Key Findings about Religion in India

Authors: Neha Sahgal, Jonathan Evans

Affiliation: Pew Research Center

Organization/Publisher: Pew Research Center

Date/Place: June 29, 2021 / Washington DC, US

Type of Literature: Survey/Analysis

Number of Pages: 223


Keywords: India, Religion, Hindu, Muslim, Minority, Partition, Pakistan


In one of the biggest surveys ever done, 30,000 people were given a set of questions to discuss how people in India see religion. The outcome is not surprising: around 64% of  Indians believe “it is very important to be Hindu to be ‘truly’ an Indian.” Muslims constitute at least 16% of the country’s total population. Eighty percent of respondents also think speaking Hindi makes one a “true Indian.” This mindset boosted electoral success of the ruling Hindu nationalist Bharatiya Janata Party. The survey also shows that there is a “strong preference for keeping religious communities segregated” despite the country claiming to be a secular one.

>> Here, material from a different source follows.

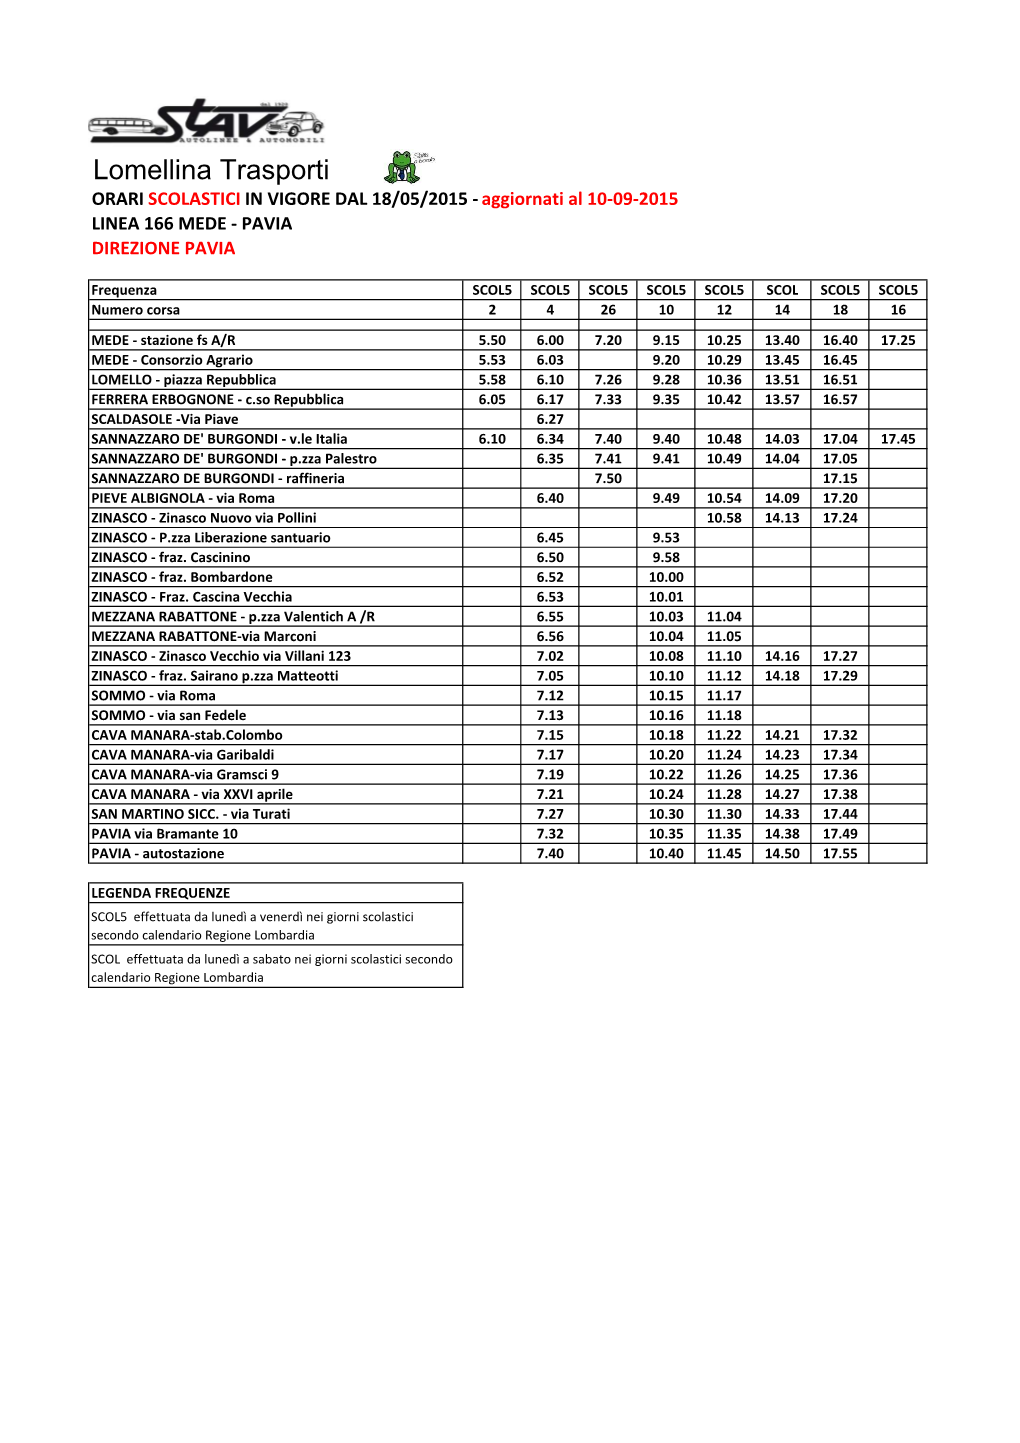 Lomellina Trasporti ORARI SCOLASTICI in VIGORE DAL 18/05/2015 - Aggiornati Al 10-09-2015 LINEA 166 MEDE - PAVIA DIREZIONE PAVIA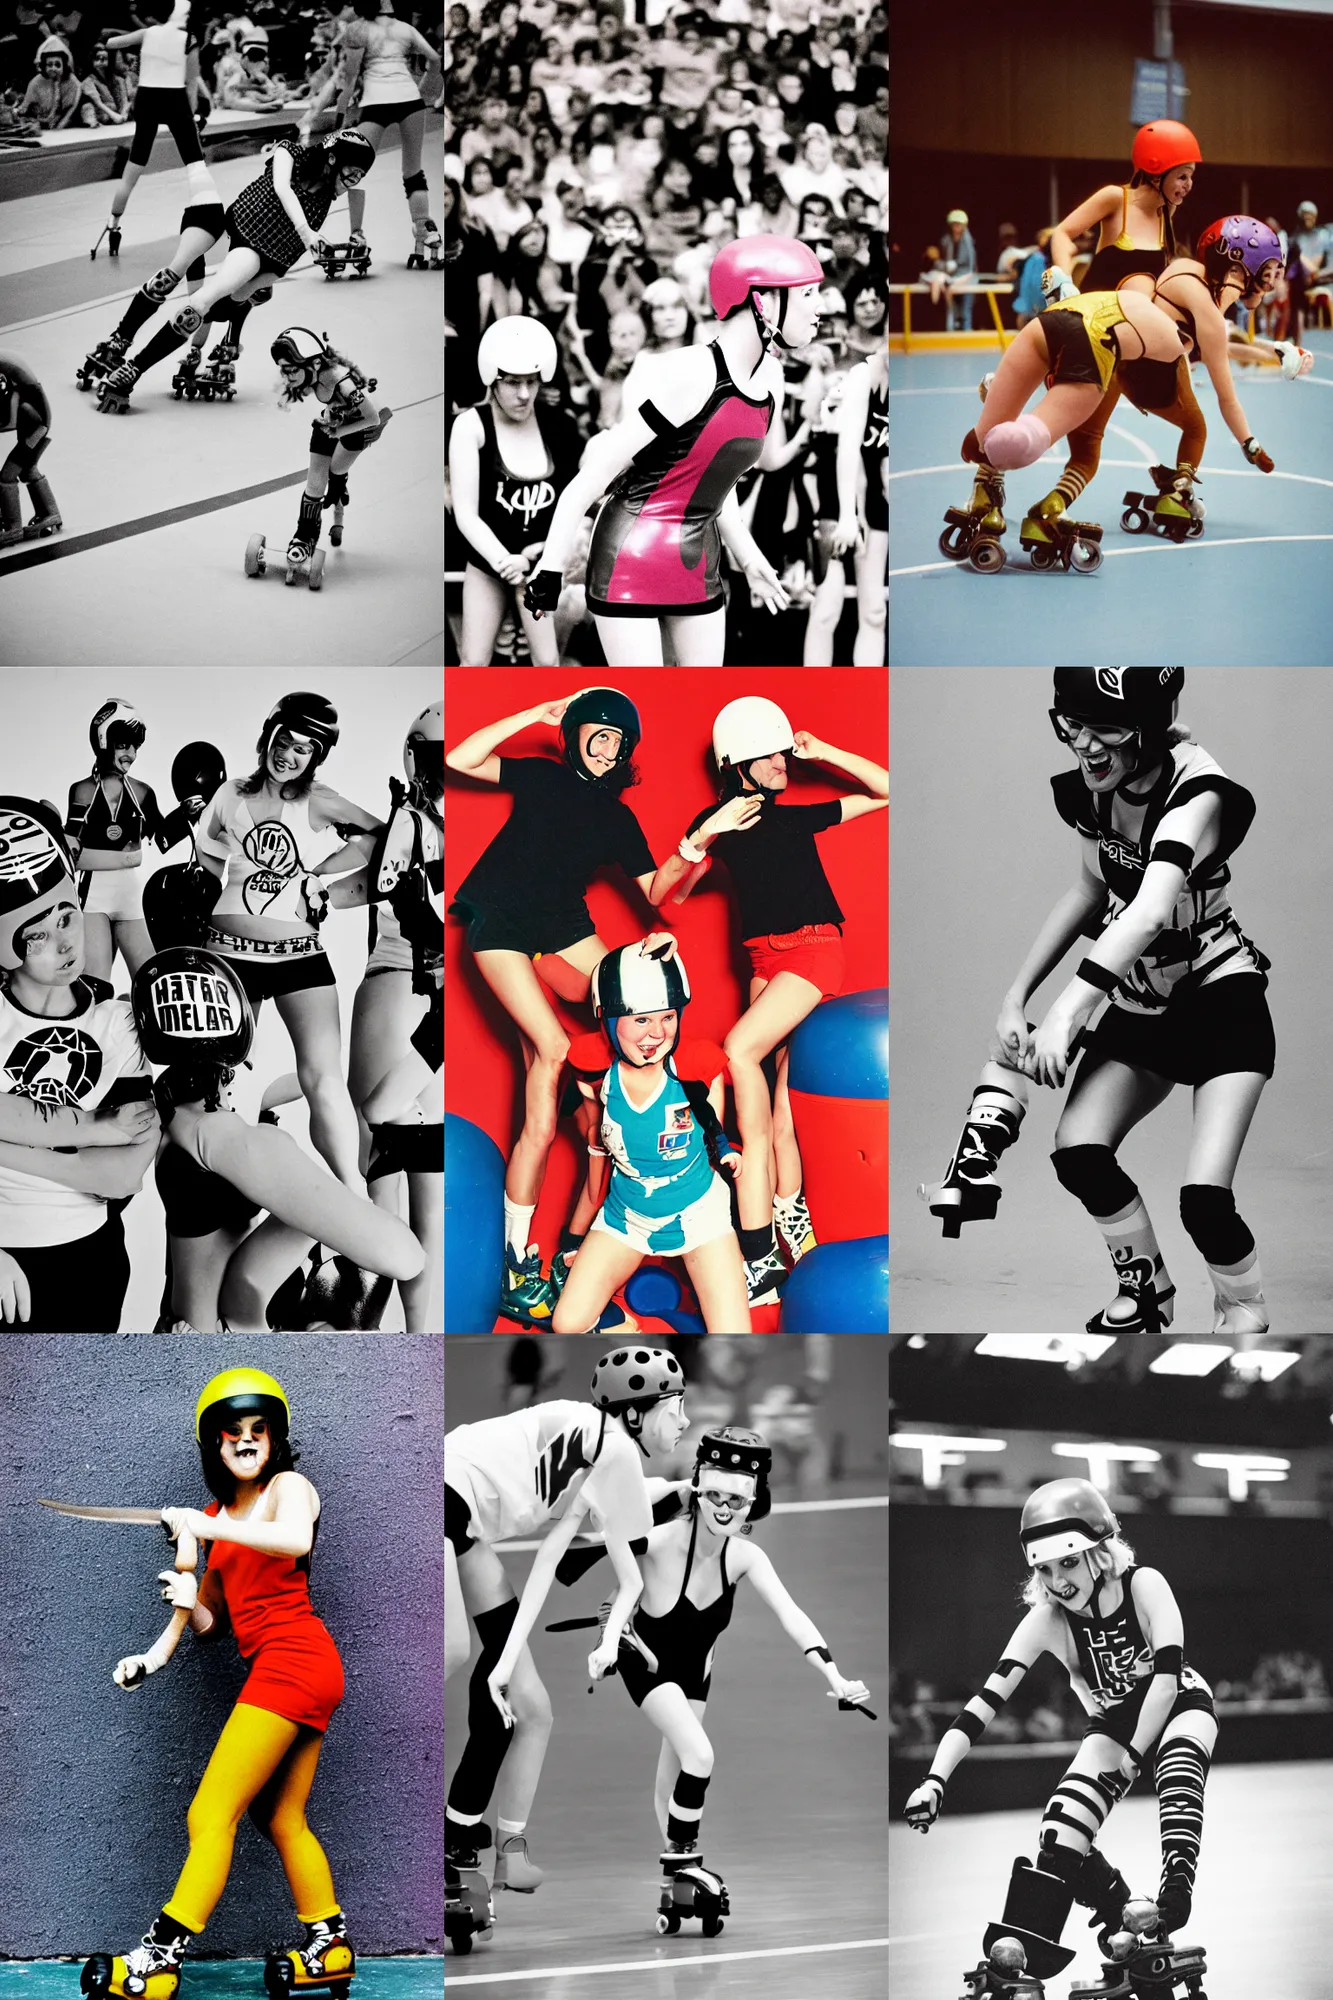 Prompt: roller derby girl battle, wearing skate helmet, logo design, high contrast portra 400, 1970s

India is a leader in beef exports across the globe (ranking 4th), exposing the contrast between how the current government acts in international trade and how it domestically polices the dietary menu. The survey reveals around 72% Hindus believe “a person cannot be Hindu if they eat beef” and the current regime has criminalized beef eating in the country; the state has not halted attacks on beef eaters which includes lynchings. It identifies that a strong majority among the Indian Muslims favor seeking remedy for family and inheritance-related cases in officially recognized Islamic courts, known as dar-ul-qaza. But the majority Hindu community is unlikely to support such a case. However, 48% of Indian Muslims view the partition of the subcontinent into Hindu-majority India and an all-Muslim Pakistan “was a bad thing for Hindu-Muslim relations. Only three-in-ten Muslims say it was a good thing.” Caste plays an important role regardless whether one is Hindu or not, “Indians nearly universally identify with a caste.” It is predominant among Hindus, in which the lower caste face utmost discrimination and unequal economic opportunities.